California’s Leadership in 21st Century Energy Technology

by | Nov 10, 2008

Beginning with the gold rush, California has successfully established itself time and again at the center of  big waves of business innovation; from the establishment of the entertainment industry, to aerospace, personal computers, biotech, data communications and the Internet.

Once again, California is taking the  lead in growing our future economy; this time by showing leadership in the  most important 21st Century technology that will shape our economic well  being: CleanTech.

Recently, Governor Schwarzenegger  signed into law key legislation promoting renewable energy and CleanTech  businesses:

AB 2267  builds on California’s green economy by requiring the California Public  Utilities Commission to grant incentives to eligible California technology manufacturers and requiring the California Energy Commission to give priority to California-based companies when granting awards, thereby creating jobs and attracting more CleanTech companies to the  state.

AB 2466 will  increase energy efficiency and help protect the environment by authorizing local governments to receive a utility bill credit for surplus renewable electricity generated at one site that can be applied against the electricity consumption at other sites.

AB 1451 will build on the state’s solar power usage by continuing the property tax exclusion for projects that use solar panel energy and expanding the exclusion to builder-installed solar energy systems in new homes.

The Governor is demonstrating essential leadership in a vital area. Complex problems in need of global  solutions are increasingly evident in our shifting world. Entrepreneurs who apply cutting-edge technology can turn those problems into opportunities. Now is the time to combine the capital, technology and people to fashion the transformative companies of the 21st century.

With the current budget crisis in California, the Governor and innovative Legislators like Mark Leno (D-San  Francisco), John Laird (D-Santa Cruz), Felipe Fuentes (D-Sylmar) and Sally  Lieber (D-Sunnyvale) looked for solutions to help grow CleanTech  companies without busting the budget, and we should applaud their  leadership.

Public policy can – and should – be a  driver for business and the economy, especially job-creating, environmentally conscious business.
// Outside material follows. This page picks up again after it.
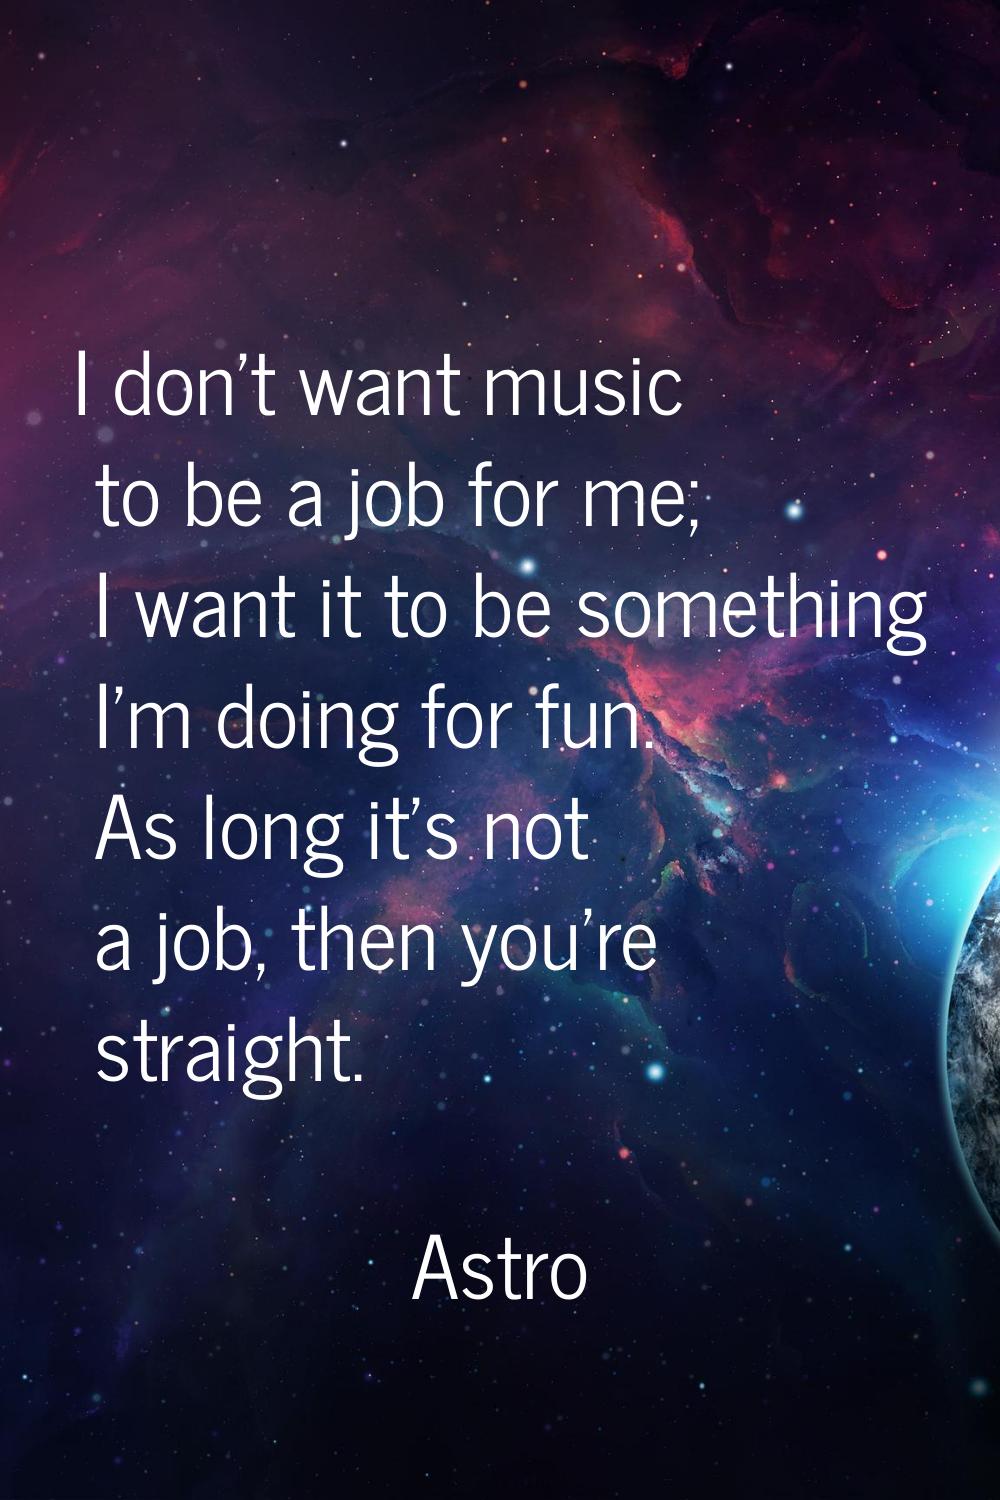 I don't want music to be a job for me; I want it to be something I'm doing for fun. As long it's no

The right government actions and policies can be the “silent partner” in these business ventures. Just look at the explosive growth of California-based renewable energy – which will fundamentally change how we power our homes, offices and vehicles. At last count, more than 4 Gigawatts of large solar projects are planned in California – a vital source of new California-based jobs that will result in enough energy to power about 3,000,000 average homes. This growth can be attributed to strong, forward-thinking renewable energy policies.

Today, California leads the nation in CleanTech innovation and investment. California’s clean technology companies brought in $1.8 billion in investments last year, a 50 percent increase over  2006. These investments represent 45 percent of total green investments in North America.[1]

The US needs to do the same thing. If our Federal government adopts clear, predictable clean energy  policies, we will scale our CleanTech businesses and end our addiction to foreign oil. We have the know-how, talent and capital. Now all we need is the political will to take advantage of the opportunity before us.

We must adopt strong policies that establish long term-term incentives and a new energy infrastructure that connects sun and wind power to the grid and  distributes it efficiently to our homes, businesses and vehicles. We need to realistically assess the true cost of carbon, develop a national renewable portfolio standard and build clean incentives into consumer choice.

And if Washington needs help developing these policies, it only needs to look west to California, where we have been incubating good ideas for  generations.

[1]  San  Francisco Chronicle, “California scores nearly half of North American green tech capital,” January 17, 2008

Alan Salzman is Managing Partner and CEO of VantagePoint Venture Partners.